Let’s be clear. The First Amendment guards against the government’s picking who gets to speak or determining which topics we get to speak about. That would be content-based restriction, which is presumptively unconstitutional. If any presidential administration told a private group not to speak about a certain topic, such as voter fraud or Covid, that communication would violate the First Amendment. But the Biden administration has denied any such allegations, claiming instead that it has pushed social media companies to adhere to their own rules about content.

The Supreme Court should clarify that the government has plenty of breathing room when it comes to working with social media companies to prevent our discourse from being polluted with falsehoods.

The line between pressuring social media companies to adhere to their content rules and coercing them to silence certain speakers or speech may be thin, but it does exist. And the risks to all of us of preventing the administration from communicating with companies about false speech are very real.

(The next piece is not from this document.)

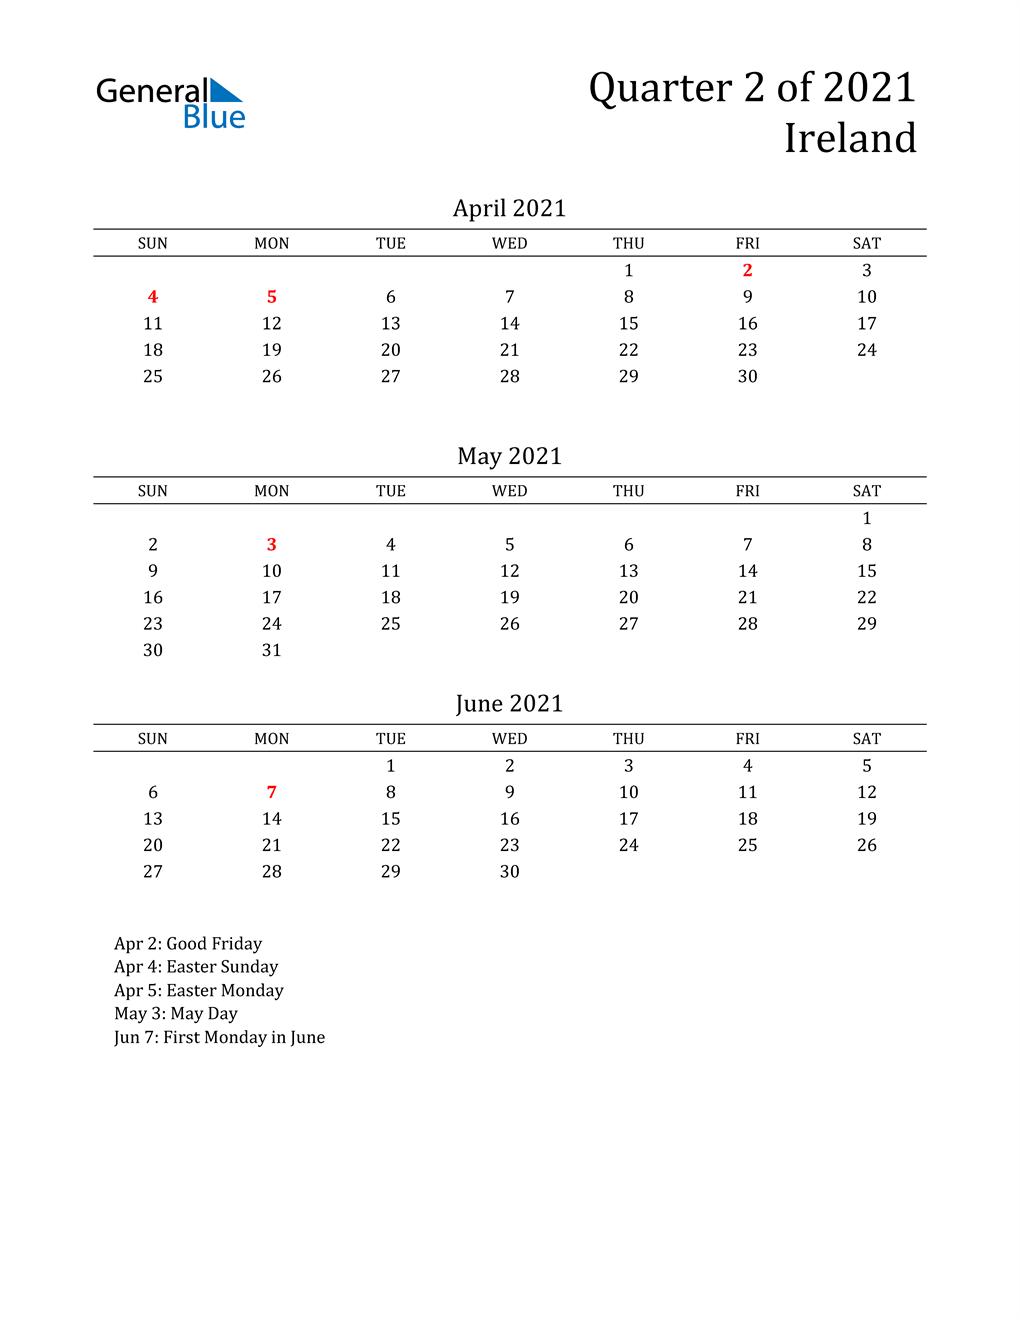 2021 Ireland Quarterly Calendar

While our government should and must work to protect the public from false information, it must do so in a way that respects our First Amendment freedoms. But the First Amendment doesn’t require — as the plaintiffs, the two attorneys general and the federal judge appear to believe — that the government stand silent and impotent in the face of misinformation and disinformation.

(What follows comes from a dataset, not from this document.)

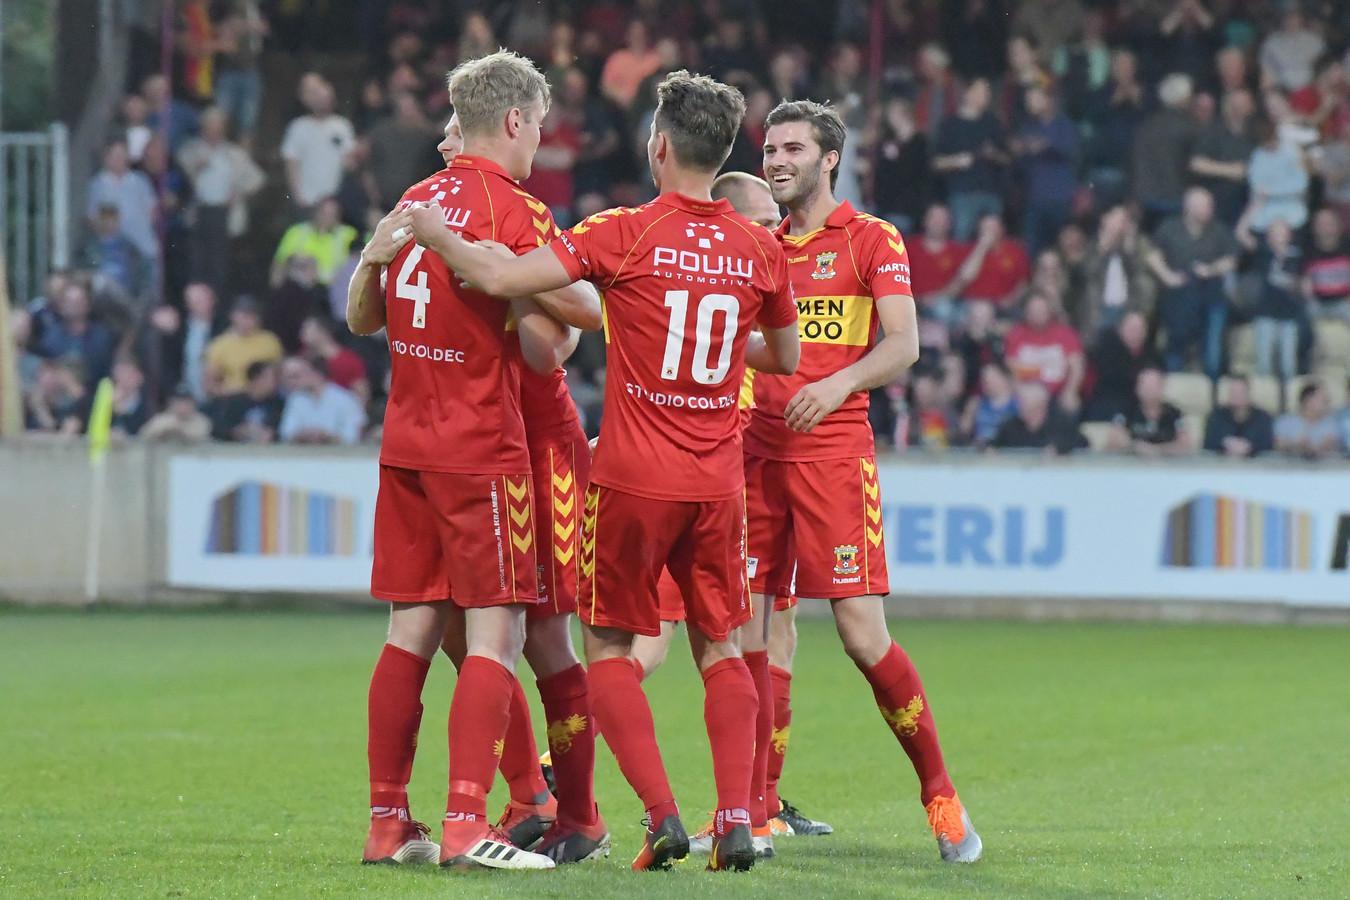 Jeroen Veldmate (4) wordt bejubeld na zijn doelpunt door Paco van Moorsel (10), Gino Bosz

Misinformation (defined as information that is false) and disinformation (defined as deliberate lies) threaten the body politic and the human body. Think, for example, of the misinformation and disinformation denying even the existence of the novel coronavirus or the lies that the 2020 election were stolen that preceded a deadly attack on the U.S. Capitol on Jan. 6, 2021.  

The Biden administration needs to be able to work with social media companies to protect us all by tamping down false speech. That’s not government censorship. That’s not ignoring the First Amendment. That’s the government wisely addressing a threat. It’s a job of our government to combat false information, especially that which is related to Covid-19 and the integrity of our elections.

If you think the moon landing was fake or the Earth is flat, your beliefs are unlikely to have significant negative consequences and therefore most likely wouldn’t contravene social media content rules. In these cases, it’s not the government’s job to intervene. But if you post pernicious falsehoods and lies on social media that threaten not just the health of our democracy, but also the health of our bodies, then at the very least the government can point that out to social media companies hosting your lies. And enjoining government actors from saying so isn’t a win for the people; it puts them in more peril.